Type: Oral Presentation

Presentation during EHA23: On Sunday, June 17, 2018 from 08:15 - 08:30

Location: Room A2

Background
Chronic myeloid leukemia (CML) is driven by the chromosomal translocation t(9;22) which transforms hematopoietic stem cells into leukemic stem cells (LCS). Blocking the oncogenic Bcr-Abl kinase by tyrosine kinase inhibitors (TKI) has greatly improved CML therapy, but is rarely curative as the disease-initiating LCS survive within the bone marrow (BM) niche independently of Bcr-Abl kinase activity. Recently, the signal transducer and activator of transcription 3 (STAT3) was shown to be highly activated in TKI-resistant CML cells that were supported by the BM microenvironment. However, while targeting STAT3 in combination with Bcr-Abl was potent to kill TKI-resistant LCS, the activating mechanism of persisting STAT3 activation remains unclear.

Aims
In this study, we first analyzed STAT3 activation in TKI treated leukemic cells, and how it is influenced by the BM microenvironment. Subsequently, we aimed to identify the mechanism allowing for TKI-persisting STAT3 activation and evaluated the therapeutic potential of combined Bcr-Abl and JAK1 inhibition using human cell lines, primary murine cells, as well as primary CML CD34+ cells.

Methods
Gene Set Enrichment Analysis (GSEA) was performed using transgenic murine CML and control LSK cells.
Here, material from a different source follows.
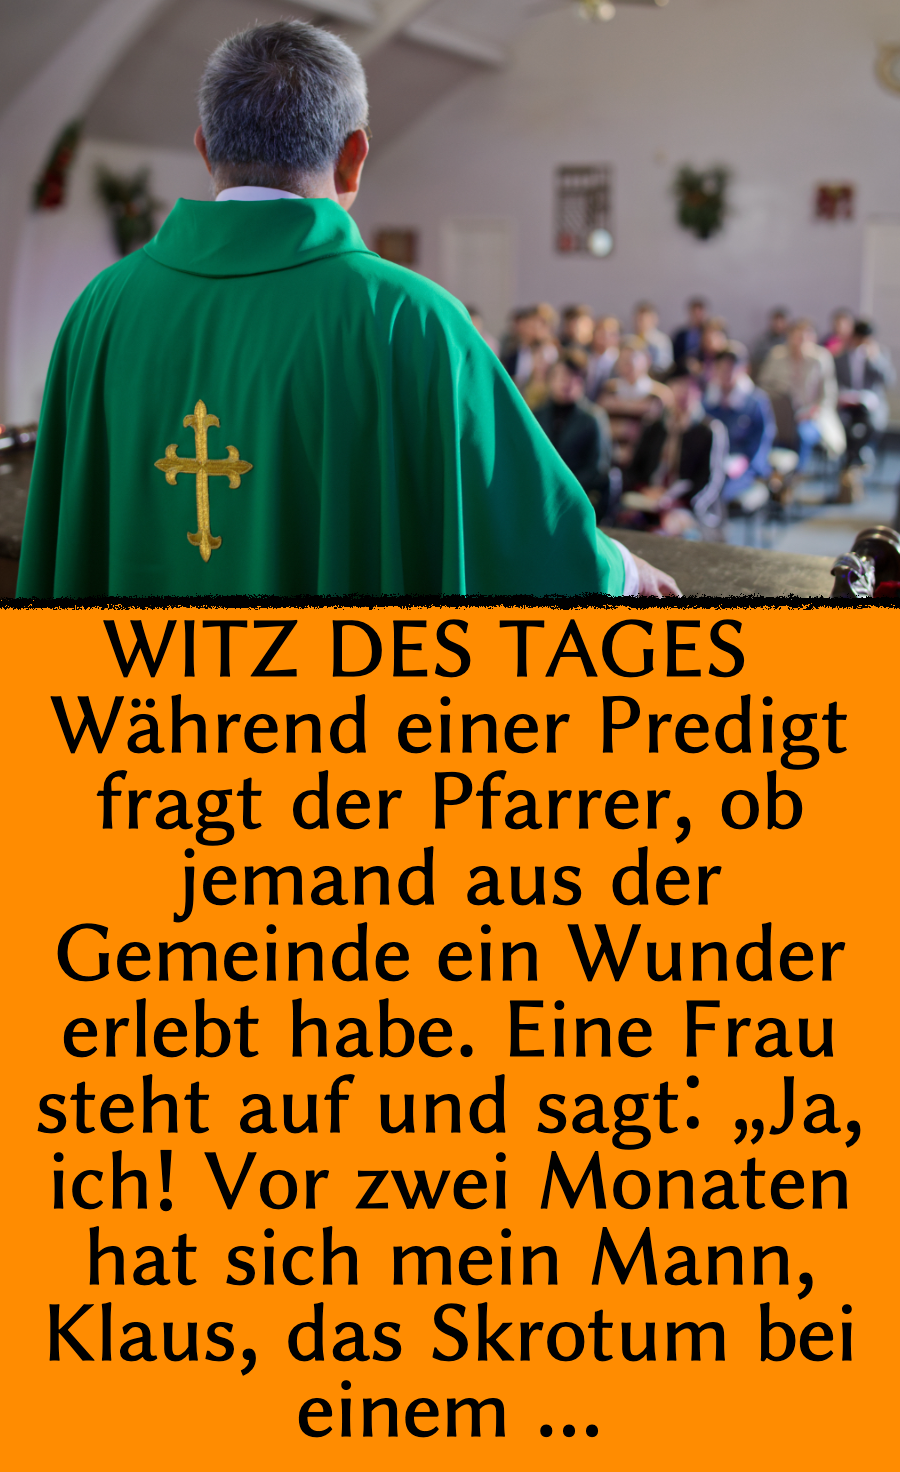 Kirchenwitz: Frau blamiert Ehemann während einer Predigt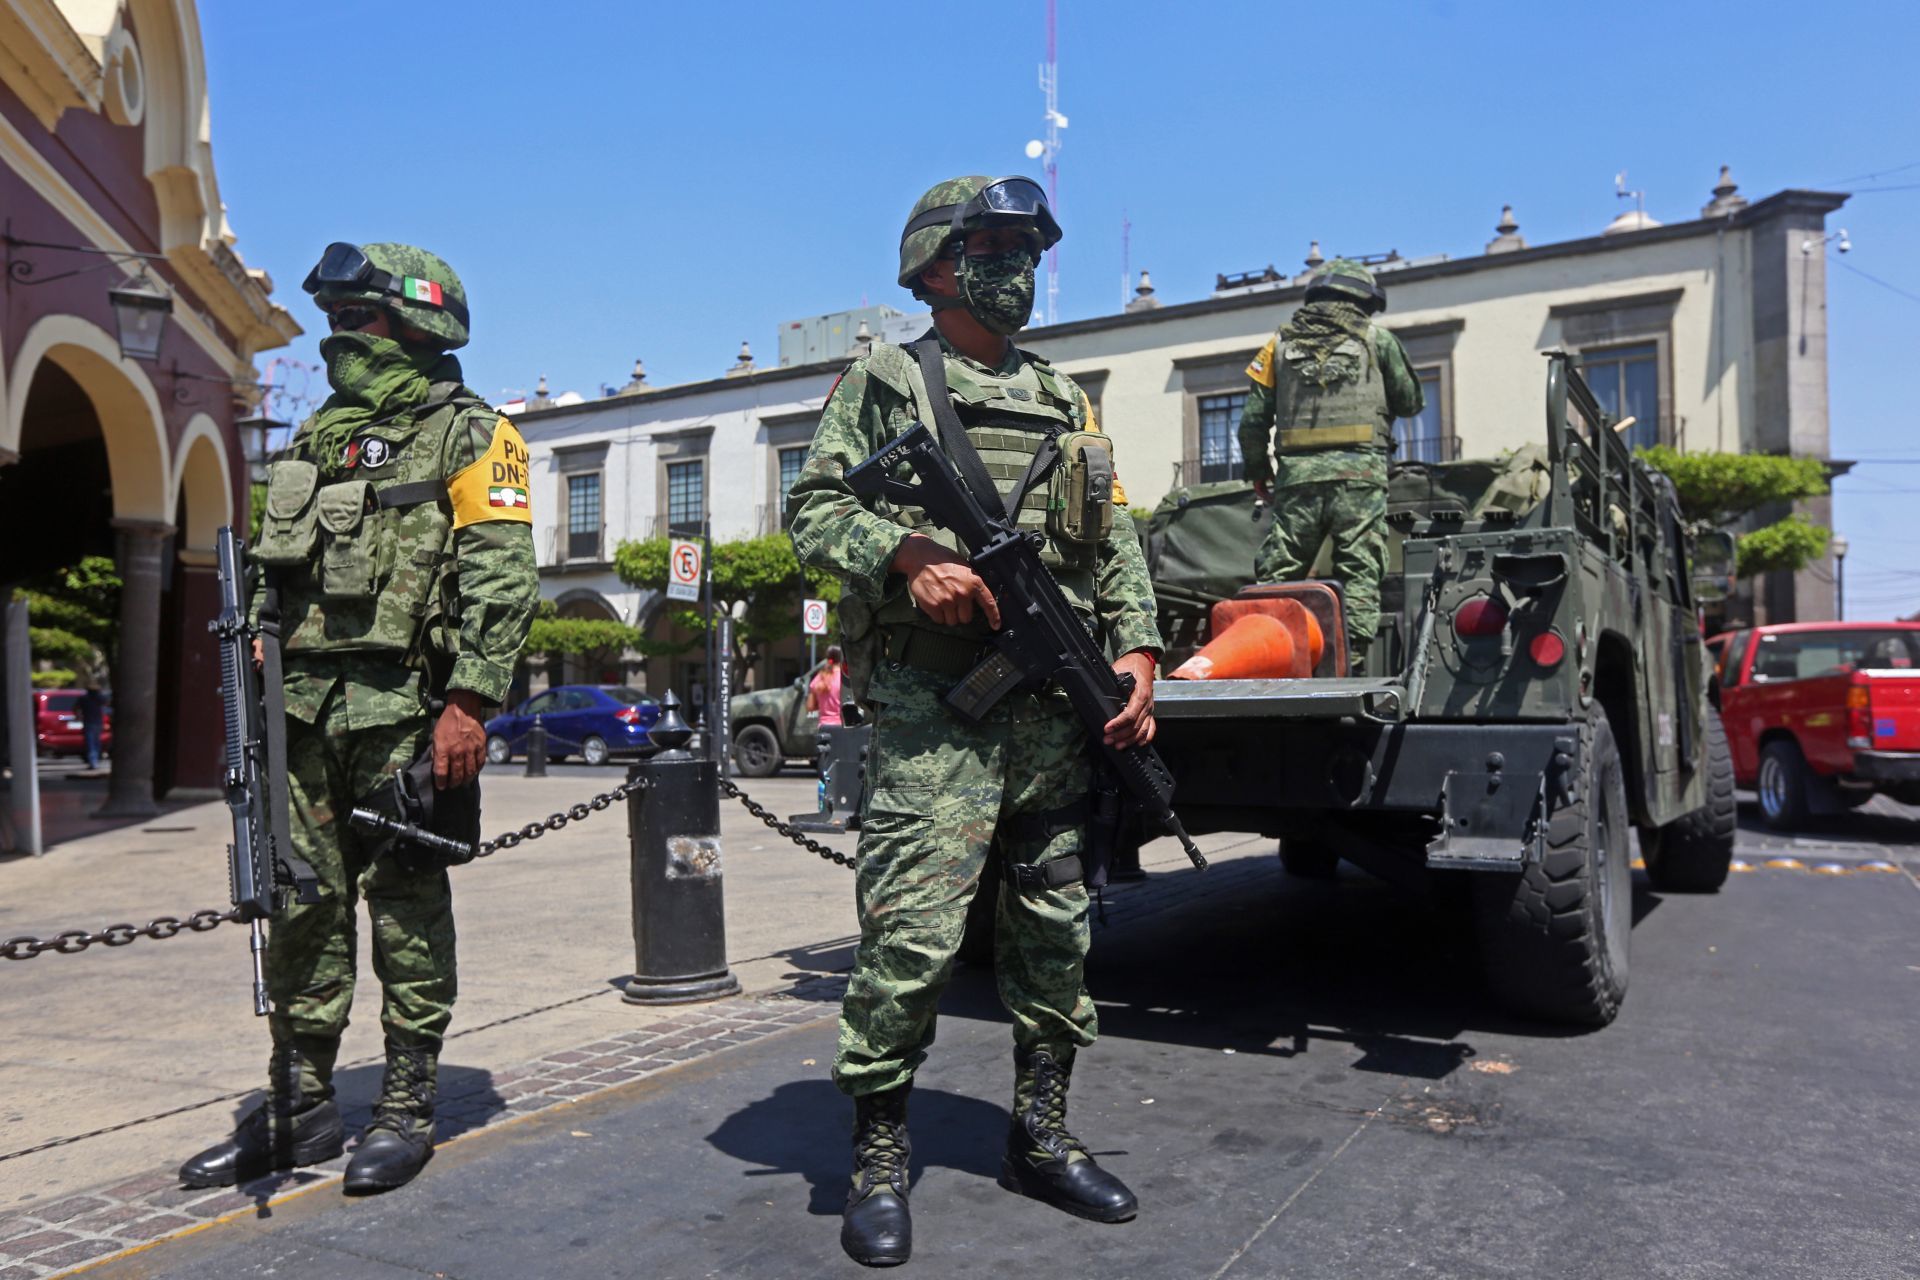 Intensa movilización policiaca por aire y tierra tras enfrentamiento en Tlaquepaque

We generated conditioned medium (CM) by harvesting the supernatant of primary human mesenchymal stroma cells (MSC). qRT-PCR was performed to analyze target gene expression. Phosphorylation of STAT3 (pSTAT3Y705) was evaluated by western blot upon Bcr-Abl (imatinib) and JAK1 (filgotinib/itacitinib) inhibition. Furthermore, an IL-6-blocking receptor fusion protein (RFP) was applied. Finally, colony forming unit (CFU) assay, CSFE staining and apoptosis analysis via flow cytometry of primitive CML CD34+ cells were performed.

Results
GSEA pathway analysis revealed increased JAK/STAT signaling in transgenic CML LSK cells. We observed elevated STAT3 mRNA expression in KCL-22 (1.9-fold, p≤0.001) and CML MNC (1.6-fold, p≤0.05), as well as increased pSTAT3Y705 levels in murine Bcr-Abl BM, KCL-22 and CML-MNC upon imatinib treatment, exclusively in presence of MSC-derived CM. In the presence of JAK1- but not JAK2-specific inhibitors, persisting pSTAT3Y705 was decreased to basal levels in murine Bcr-Abl BM, KCL-22 and primary CML MNC. A similar effect was observed when applying an IL-6-blocking RFP. Combined inhibition of Bcr-Abl and JAK1 strongly reduced the CFU capacity of murine (2.2-fold, p≤0.001) and human CML cells (6.9-fold, p≤0.001) compared to IM treatment alone. Tracking the proliferation of CML CD34+ cells by CSFE staining revealed that Bcr-Abl- and JAK1-inhibited cells showed increased quiescence (3.2-fold, p≤0.001) and decreased proliferation (3.6-fold, p≤0.001) compared to single treatments. Interestingly, combined Bcr-Abl and JAK1 inhibition strongly induced apoptosis even in quiescent LSC (2.4-fold, p≤0.001).

Conclusion
In the presence of BM microenvironment-derived CM, STAT3 is upregulated in Bcr-Abl leukemic cells upon oncogene inhibition. Here, we identified JAK1 as the STAT3-activating kinase in CML cells. JAK1 inhibition by TKIs decreases pSTAT3Y705 levels, blocks proliferation and reduces the CFU capacity. Upon Bcr-Abl and JAK1 inhibition, apoptosis is strongly induced compared to IM treatment alone in quiescent LCS. Our data demonstrate that persistent STAT3 activation is observed under IM treatment and supported by the microenvironment via JAK1 thus promoting LSC survival. As a consequence, JAK1 emerges as a potential therapeutic target for curative CML therapies.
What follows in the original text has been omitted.